YOUR TASK ▸ What is needed is an exact reproduction of the lines in the records below, starting at the line with "2 Bedroom Luxury Lodges for sale, Devon" and ending at the line with "Ine design stone", both included, and nothing else; pictures stay out.

PROVIDED DATA ▸
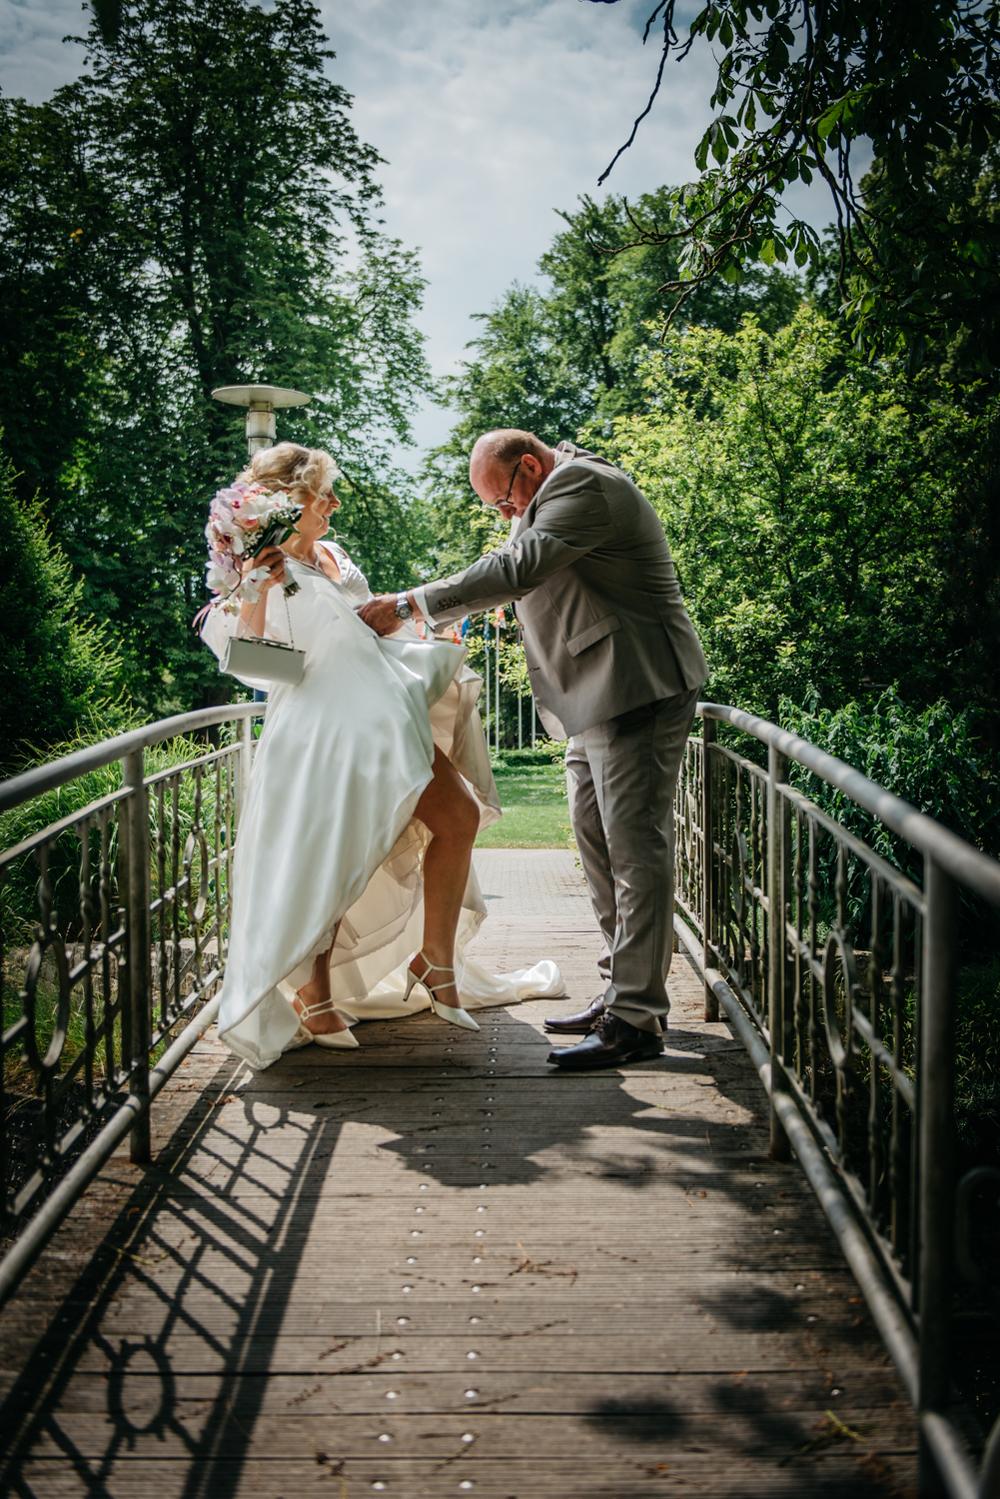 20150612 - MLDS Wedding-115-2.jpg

* * *

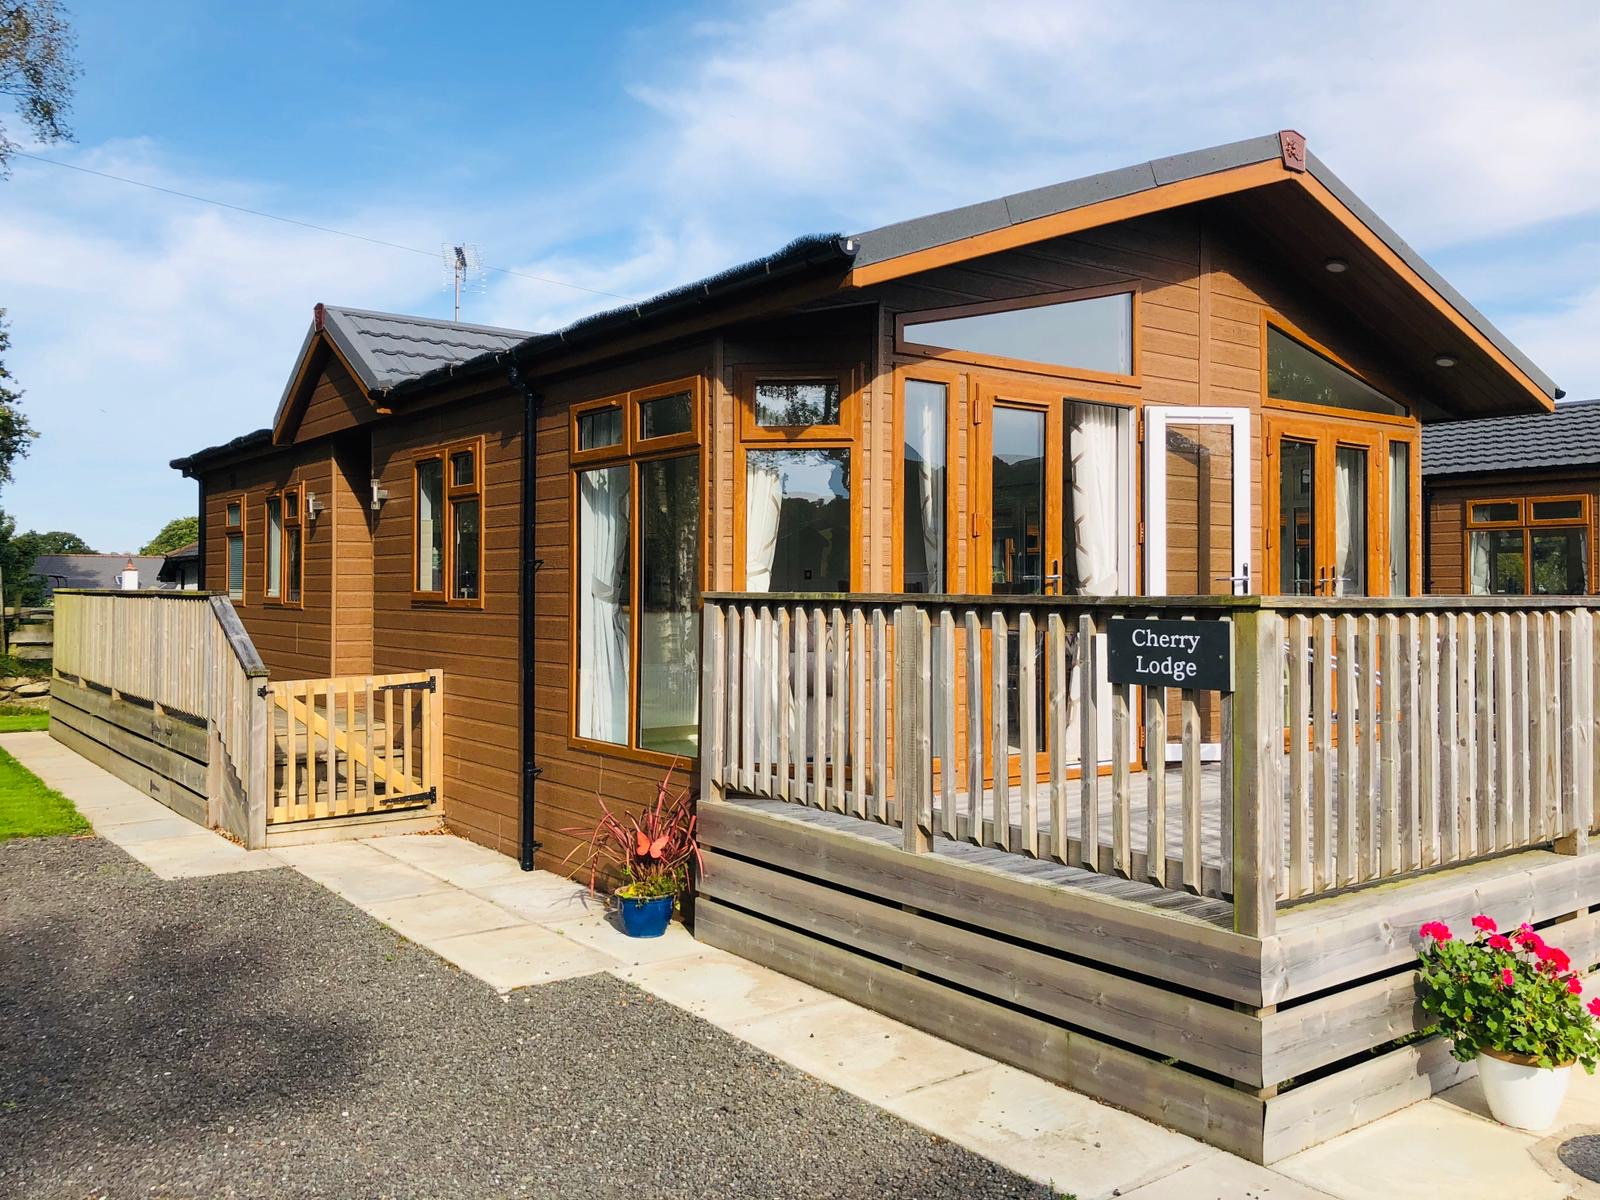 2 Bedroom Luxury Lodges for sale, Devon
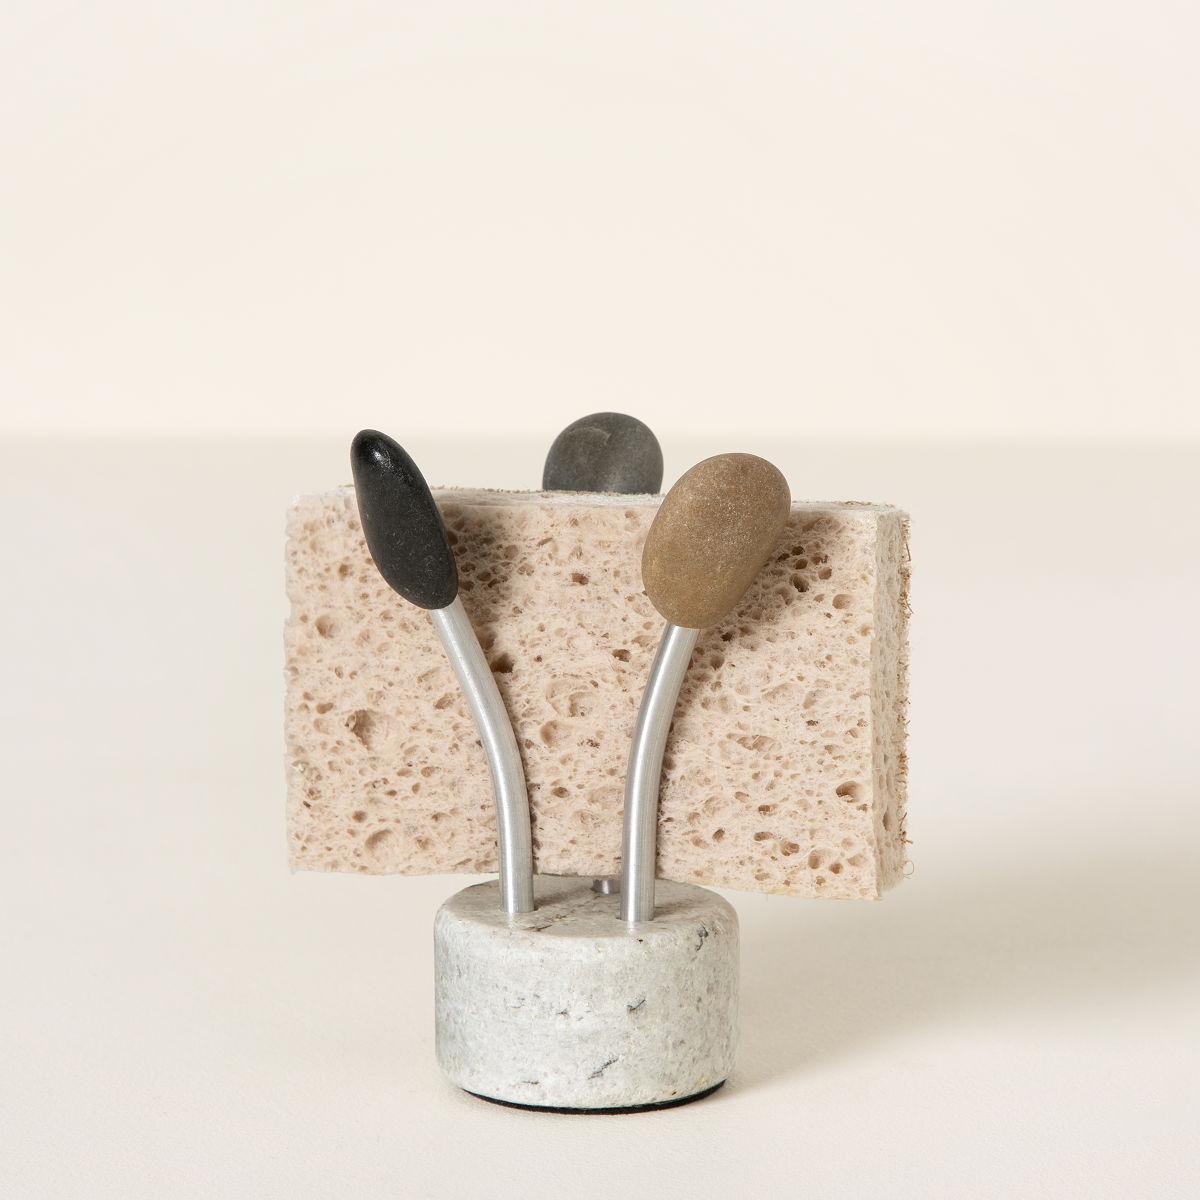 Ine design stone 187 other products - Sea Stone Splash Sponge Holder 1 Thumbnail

OUTPUT OF THE TASK ▸
 2 Bedroom Luxury Lodges for sale, Devon
 Ine design stone 187 other products - Sea Stone Splash Sponge Holder 1 Thumbnail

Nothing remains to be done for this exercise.